I told myself I have to do outdoor things that I don’t get to do in my everyday city life, but I also know that my level of hiking is like Griffith Park before brunch, so we headed over to Discovery Park. Among the trees the air was damp but fresh for my lungs that have gotten so used to polluted city air. It felt good to be in greenery, just focused on the path ahead, saying the occasional hello to fellow hikers passing by. And I love a hike that rewards you with a view (honestly, probably the only thing that would motivate me to hike in the first place). 

On the way back we did a quick stop by Kerry Park for the quintessential postcard view of the city (very cute, Seattle, good job) and then sat outside an idyllic Queen Anne cafe with perfect cappuccinos. Name a more perfect combination brisk autumn air and hot coffee, I’ll wait. 


19 GOLD Taiwanese Restaurant

3601 Fremont Ave N #101

And since the theme of the trip is comfort and laziness, we decided on Taiwanese mala soups at 19 GOLD. No frills. The familiar buzz of mandarin conversations around. Steaming bowls of soup with all the fixings. 

Last day of November, last day in Seattle, and last day off before it was back hurled into reality on the other side of the country. 

My gracious host was working today, so after packing up in the morning, I went on a coffee and pastry run to Umbria, white glove service of course. 

For lunch, I met up with a food friend (also visiting from New York) and we went to Taurus Ox, a small shop occupying a tight corner of a block serving up contemporary Laotian food. We took recommendations from the server and were not disappointed: everything was delicious, super flavorful and comforting. Taurus Ox seems like the kind of place I’d crave as a casual lunch spot, but also a great place to bring a couple friends and share. 

And then before I knew it, it was time for the last meal.
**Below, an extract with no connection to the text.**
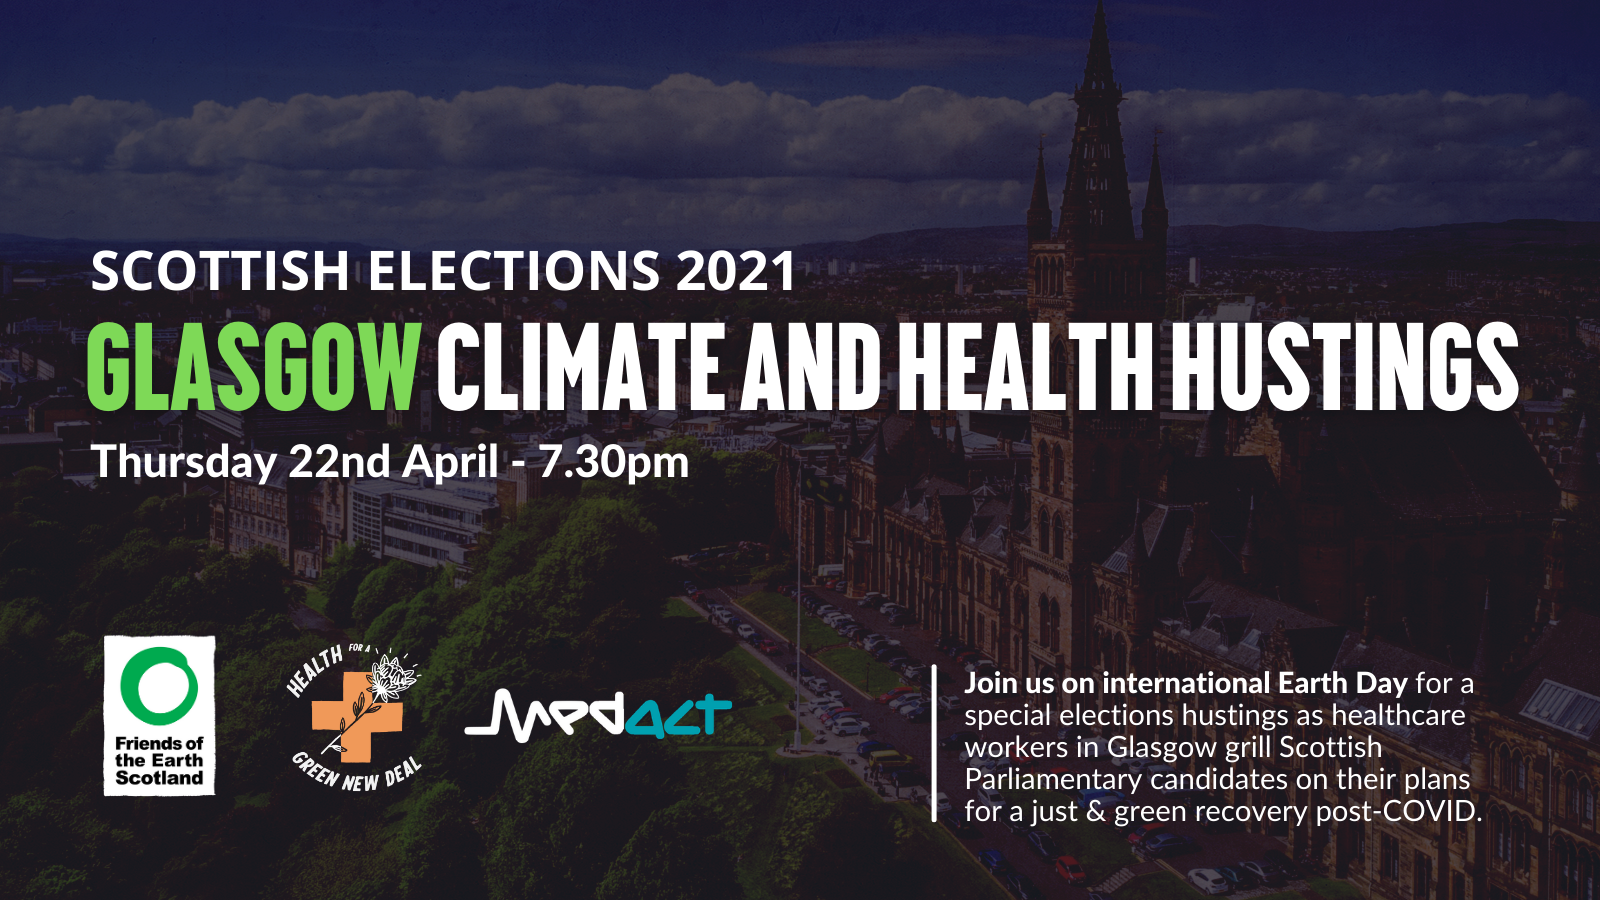 Event title and key details over faded image of Glasgow: Scottish Election 2021 Glasgow Climate and Health Hustings Thursday 22nd April, 7.30pm, organised by Friends of the Earth Scotland / Health for a Green New Deal / Medact

And we made it a good one. An early bird special at Kamonegi, a soba specialty restaurant I’d been eye for ages (y’all know I love me some soba).  

We were seated at the bar, looking into the kitchen as everything was prepared, which was mesmerizing (like enough to have us crushing on everyone that worked there lmao). The food was so good, the noodles had a perfect bite that only comes from freshly made soba, and the duck was savory without being too rich. It was a good final meal. And definitely not the last time I’ll be going there. 


And then because I hate myself, I boarded a red eye flight to JFK, landed bright and early at 6am, just in time to sit through 1.5 hours of traffic to get back to Brooklyn, crash for an hour, wake up to virtually join my morning meetings and then somehow haul my ass onto the subway and into the city to show my face at the office for management meetings, complain loudly about my lack of sleep, and then go home. Note to self: take the day off if you take a red eye.